Burt’s Bees Founder Dies

Born in Manhattan on May 15, 1935, Shavitz was raised in Great Neck, NY. He spent some time in the army and later worked as a photographer for Time and Life magazines.

As a photojournalist, Shavitz managed to capture New York City’s key figures in the civil rights movement, beat poets, artists, and images central to the environmental movement of the 1960s, according to a company statement.

Burt Shavitz, the wild-bearded beekeeper, co-founder and namesake of the natural care product company Burt’s Bees, died on July 5 due to respiratory problems. He was 80.

He later moved to Maine, where he met artist Roxanne Quimby, who would sell his beeswax candles at local fairs. The pair later developed a lip balm, which is still the company’s best-selling product today and officially launched Burt’s Bees in 1984.

Quimby later bought out Shavitz’ stake in the company, which was eventually acquired by Clorox Co in 2007 for more than $900 million.

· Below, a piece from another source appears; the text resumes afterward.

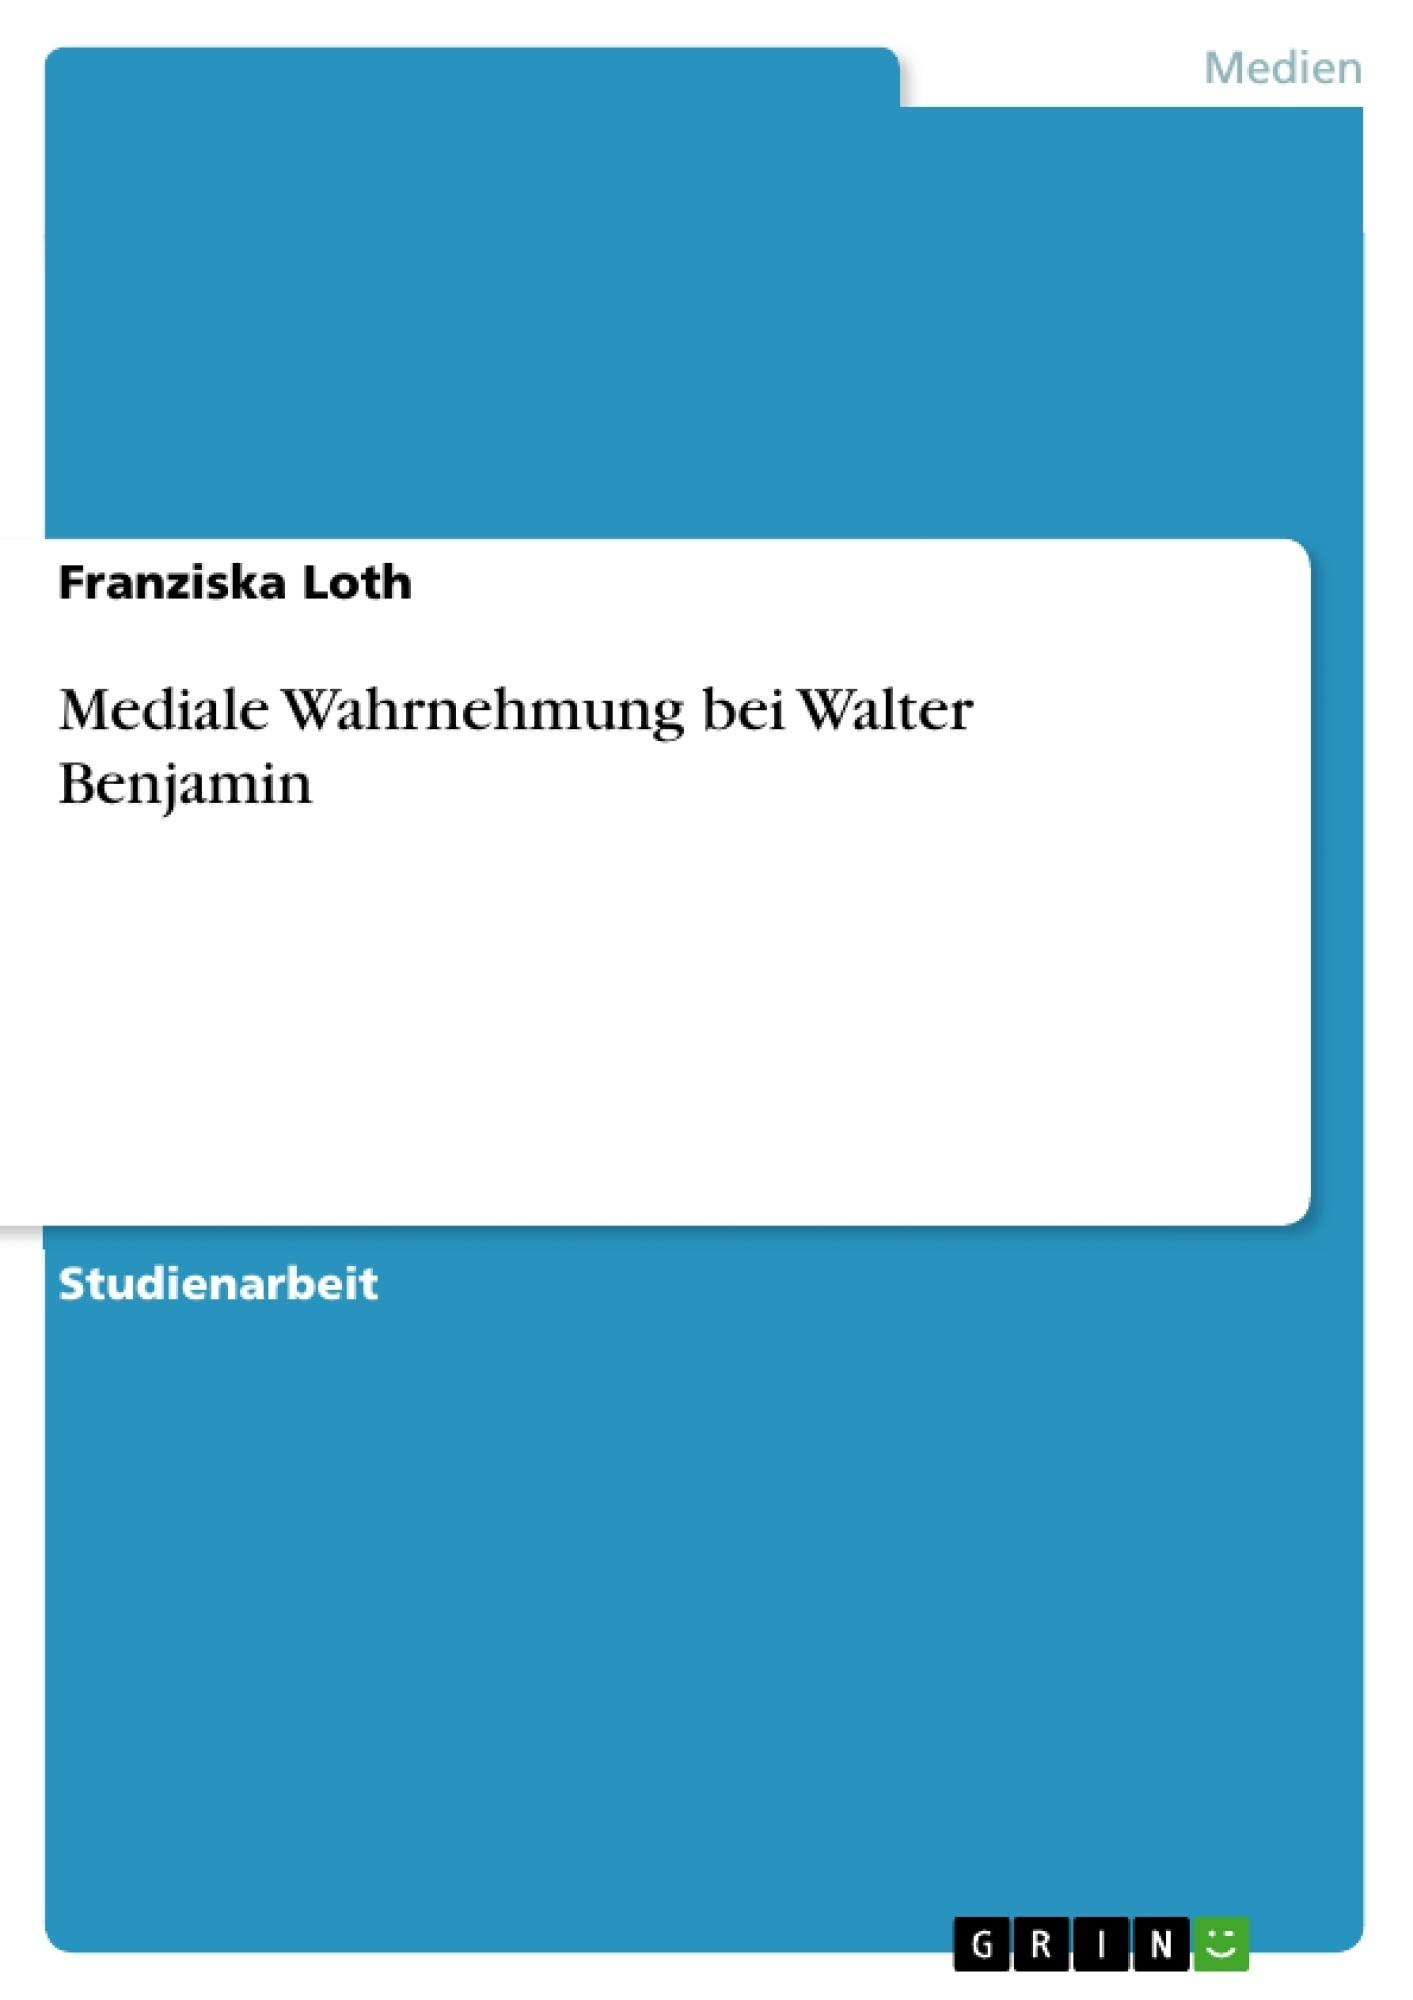 Titel: Mediale Wahrnehmung bei Walter Benjamin
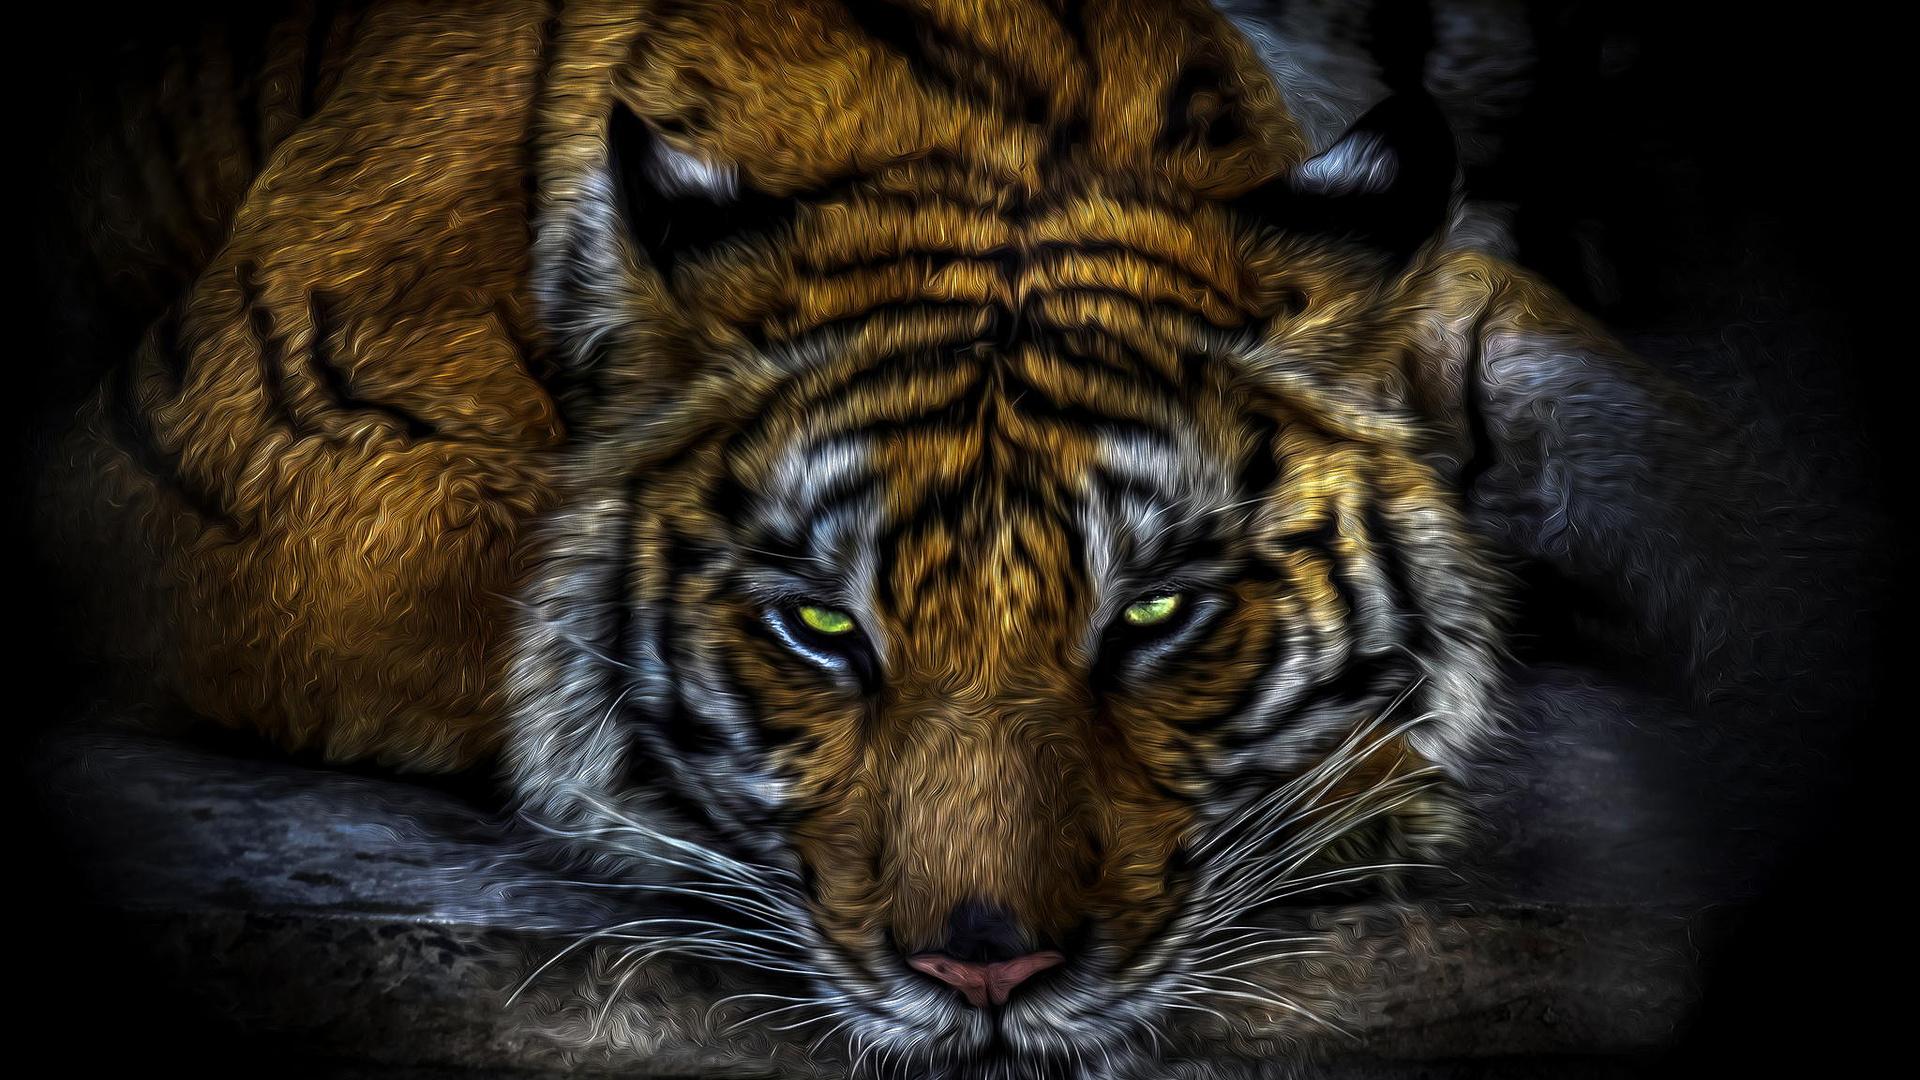 Картинки зверей хищников на заставку

“As a beekeeper, he connected intimately with the bees, whose profound relationship to humans, our food and our environment is only now being more fully understood while in peril,” read a company statement. “As an icon and namesake, he was and still is the inspiration for Burt’s Bees-our natural products that many around the world have grown to love, the sustainability practices we all champion, and the offbeat, cheerful personality that shines through that school bus yellow he loved so much. He defines this brand in immeasurable small and deep ways that we continue to discover.”